[Date Prev][Date Next][Thread Prev][Thread Next][Date Index][Thread Index]

Re: Some text that may be useful for the update of RFC 2376



In message "Re: Some text that may be useful for the update of RFC 2376",
Rick Jelliffe wrote...

 >That is not the way I remember it. Application/xml was taken out at
 >one stage, and we had to lobby hard to get it put in. The reason
 >users want it is not to prevent xml from being spuriously displayed:
 >it is to ensure end-to-end integrity because the out-of-band approach
 >has so far failed to provide that integrity. 
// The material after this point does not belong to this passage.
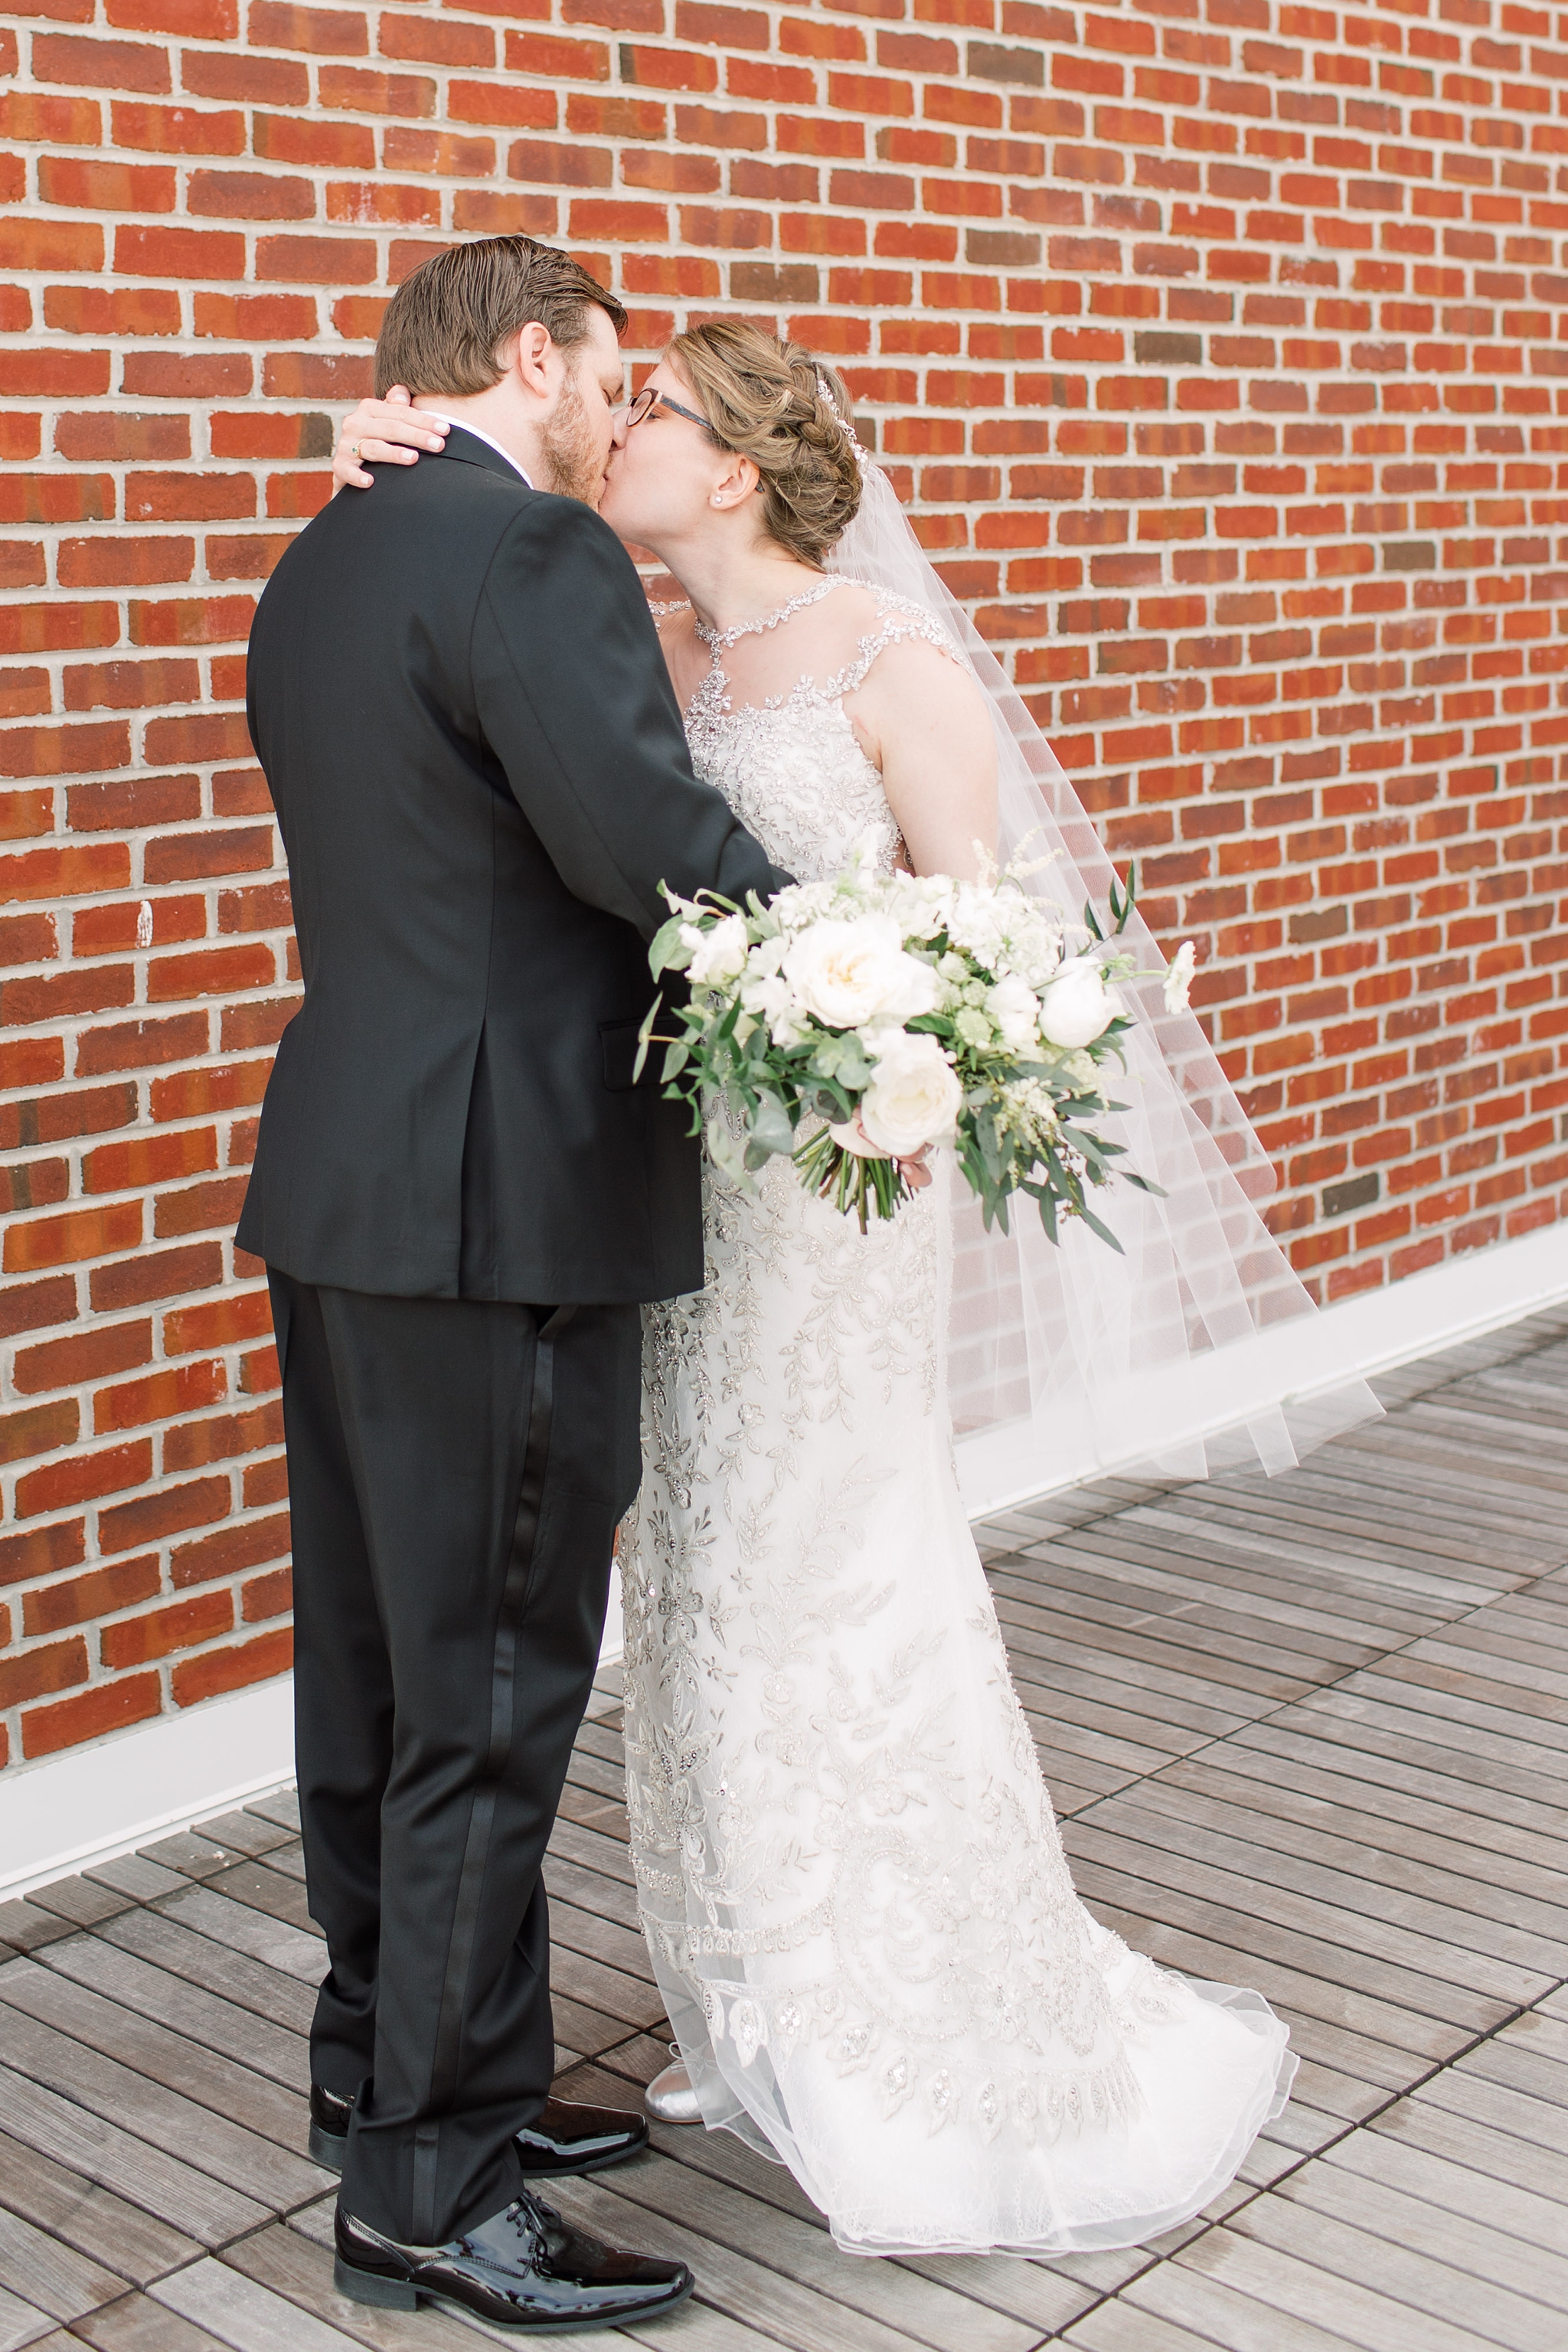 A classic wedding at The LINE Hotel in downtown Washington, DC.
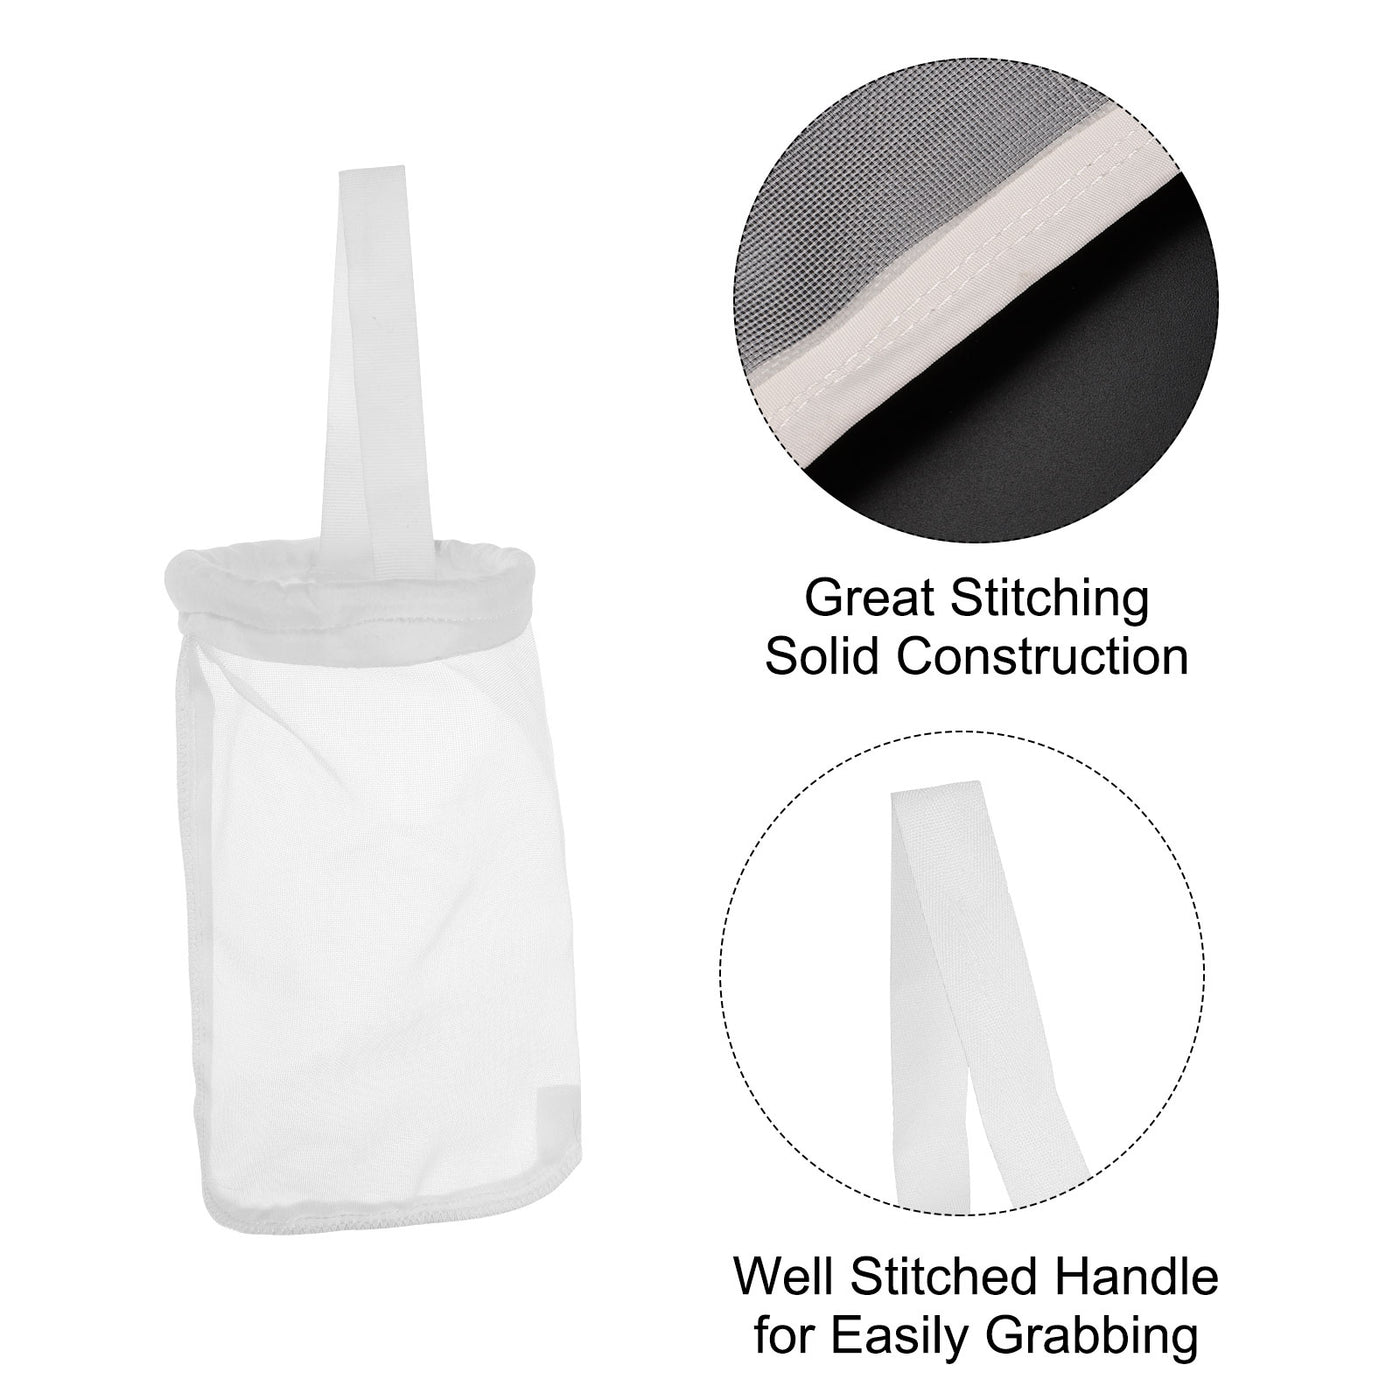 uxcell Uxcell Paint Filter Bag 40 Mesh (9.1"x4.1") Nylon Strainer for Filtering Paint

I remember that you have claimed this several times, but I have never 
agreed.  

XML people thought that application/xml is required since text/* does 
not allow UTF-16.  After we started this mailing list, we have learned 
more from Ned.

 >And what should the type be if it has parts that are readable and
 >parts that are unreadable?  If the document is encoded with a lot
 >of numeric character references, it is unreadable as text/plain
 >but readable as text/xml: should we send documents that use 
 >many numeric character entities as application/xml?
 >
 >We need a way to ensure end-to-end integrity. 

I do not agree.  Why?

 >Out-of-band signalling of the encoding of a file to some extent a hack to
 >cope with formats that are not adequately self-describing.  I would have
 >no problem with removing text/xml entirely: we don't need to negotiate
 >encoding since everything can be resolved into Unicode 

Although XML is based on Unicode, we certainly require negotiation and 
transcoding.  Some XML processors can only handle US-ASCII, 8859-1, UTF-8, 
and UTF-16.  There are so many legacy encodings in the world.  Negotiation 
and on-the-fly transcoding is certainly a good thing for I18N.  If we hide 
encoding information from the protocol, such transcoding becomes hard or 
even impossible.

 >(and, in any case,
 >there is no mechanism currently for an XML parser to feed information
 >about which encodings it accepts to the HTTP system to set up the 
 >preferences in the first place.)

HTTP already has the accept-charset field.  I do not understand your claim.

Cheers,

----
MURATA Makoto  muraw3c@xxxxxxxxxxxxx